I nutrilized with sulfalmic acid precipitated with smb.
But to be honest, not to be harsh! You really should have known this befor you started. It really cuts down on the headaches. Or you can just evaporate off your nitric rehydrate with hcl adjust you ph and then drop with smb. And I'm still a baby fresh newly to refining and am still not sure I done it right. But I did get Au back.


----------



## myfalconry76 (Aug 7, 2016)

butcher said:


> myfalconry76,
> It may look to be a little, but that is a big deal.


I wish I could have got it hot enough to button up, but I ran out gas. Got plenty oxygen. But I used the most of my gas cutting up a trailer frame. Ran out as it started to melt had to switch to a propane torch.


----------



## FrugalRefiner (Aug 7, 2016)

myfalconry76 said:


> Hey Dave if gold give up a electron so easy why isn't it that easy to get lead to give one up?


Gold does not give up electrons easily. That's why it's considered a noble metal. A strong oxidizer, like nitric acid, chlorine, hydrogen peroxide, etc. is required. 

Lead is oxidized by nitric acid too. It is more easily oxidized than gold, so it is also oxidized by the oxygen in air. If you melt lead and cast it, it will be bright and shiny. After some exposure to air, it will become oxidized, forming a thin layer of dull lead oxide. Once this layer forms, it protects the underlying metal from further oxidation.

Dave


----------



## myfalconry76 (Aug 7, 2016)

FrugalRefiner said:


> myfalconry76 said:
> 
> 
> > Hey Dave if gold give up a electron so easy why isn't it that easy to get lead to give one up?
> ...


Once again I was thinking wrong, I should have thinking protons not electrons. Duh.


----------



## butcher (Aug 7, 2016)

Arekkusu28 said:


> So, what do I do with what I have right now, solution wise? Aurachloric acid? Sulfamic acid? Then what? SMB?
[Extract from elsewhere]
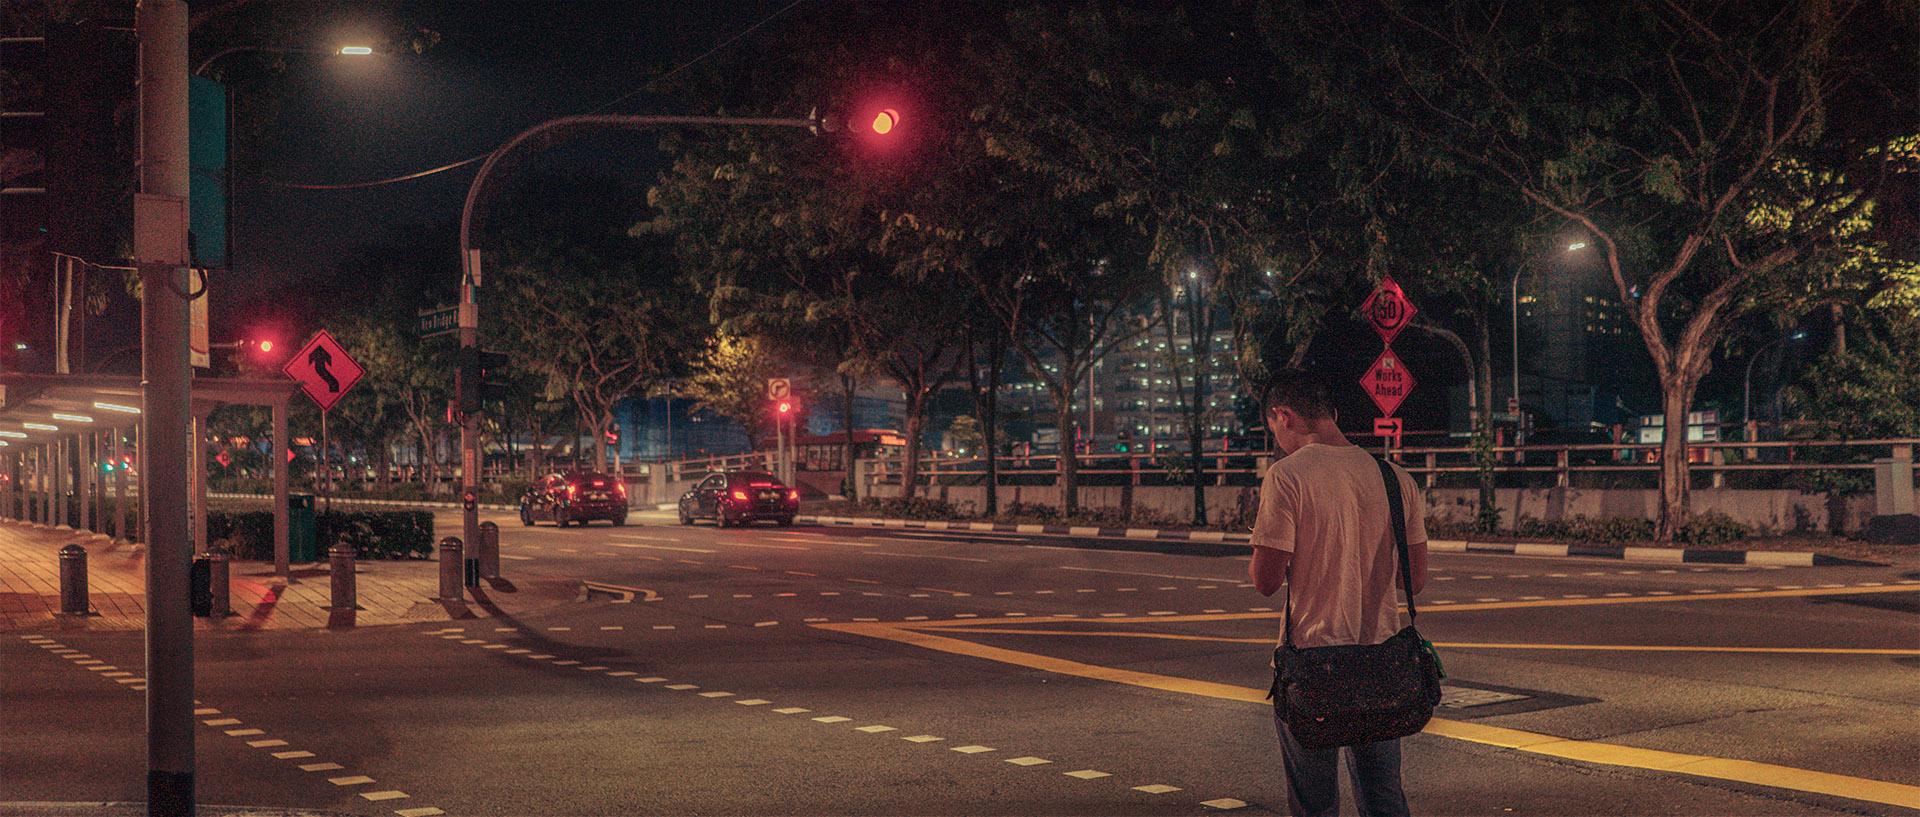 Nikko Pascua Travel photography Singapore_09172.jpg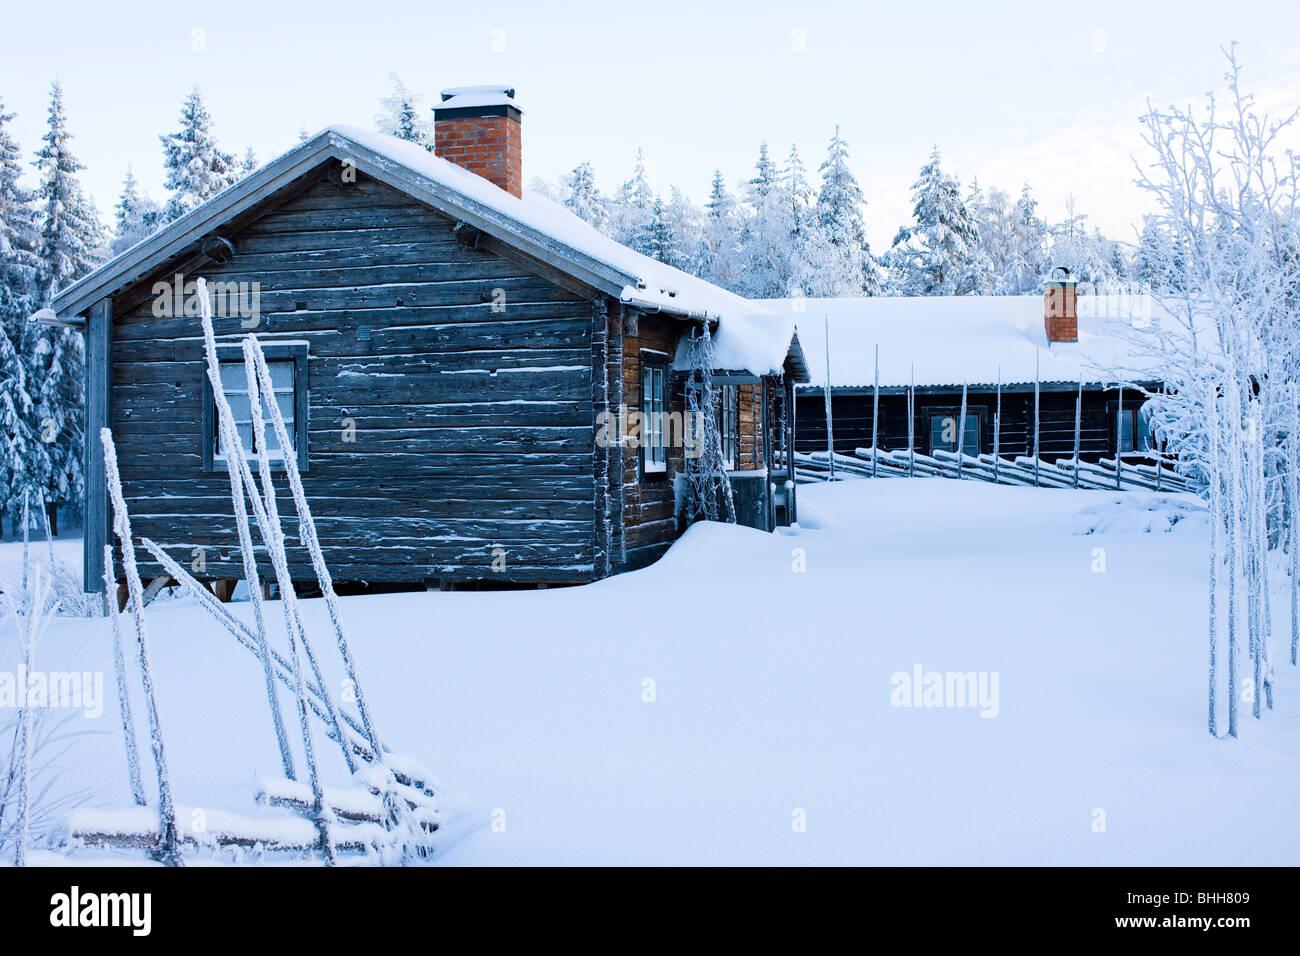 Hut in a wintry landscape, Sweden. - Stock Image

I would consider what you had was an attempt at a recovery process (one normally not recommended).
With that much base metal involved, I personally would not consider using a refining process to recover the gold from solution, i.e. de-noxing and using a reducing agent like FeSO4 or SMB...

I would use a replacement reaction --if I had lots of free nitric I would consider dissolving more material to use up most of the free nitric acid, this is unnecessary but I could get more gold into solution and not waste what acid I already had in solution. 
Ensure the solution was acidic and recover the gold using copper metal to replace gold in solution.
Then if there was enough gold recovered I would then refine it in a refining process...
If only a tiny amount of gold was recovered I would save it until I had enough to process (recovering or refining lots of small lots, with a little loss in each one, can add up to a lot of gold over time).
Aqua regia in general, does not make a good recovery process, I stay away from it whenever I can.

Arekkusu28, 
You are new to this. I was too. My suggestion is to spend much more time studying and less time in your lab trying things you are unsure of yet. I know I wish I would have done that when I first started I would not have made as many mistakes or lost so much of my gold in the learning process.
I suggest at first Limit your lab work on Hoke's experiments and expanding them with what you learn on the forum with electronic scrap. this way you get in your lab time and gain a good understanding of how this all works or why it won't work...


----------



## Topher_osAUrus (Aug 7, 2016)

myfalconry76 said:


> FrugalRefiner said:
> 
> 
> > myfalconry76 said:
> ...



If it was giving up protons, it would be moving down periodic table, changing elements. Acids give up a proton, but that is because of the H+, as Hydrogen only has 1 proton, no neutron, deuterium (heavy hydrogen) has one of each. But, we don't deal with that in acids.
I havent had my coffee yet, that might not make perfect sense


----------



## Topher_osAUrus (Aug 7, 2016)

butcher said:


> Arekkusu28 said:
> 
> 
> > So, what do I do with what I have right now, solution wise? Aurachloric acid? Sulfamic acid? Then what? SMB?
> ...



Best advice ever, I wish i could say that i followed it when i was first starting to recover/refine..


----------



## myfalconry76 (Aug 7, 2016)

Topher_osAUrus said:


> myfalconry76 said:
> 
> 
> > FrugalRefiner said:
> ...


 That's what we would all want, down the table by 3. I know for hundreds of years it been tried to get lead to let go of three protons but hey. One can dream can't they.


----------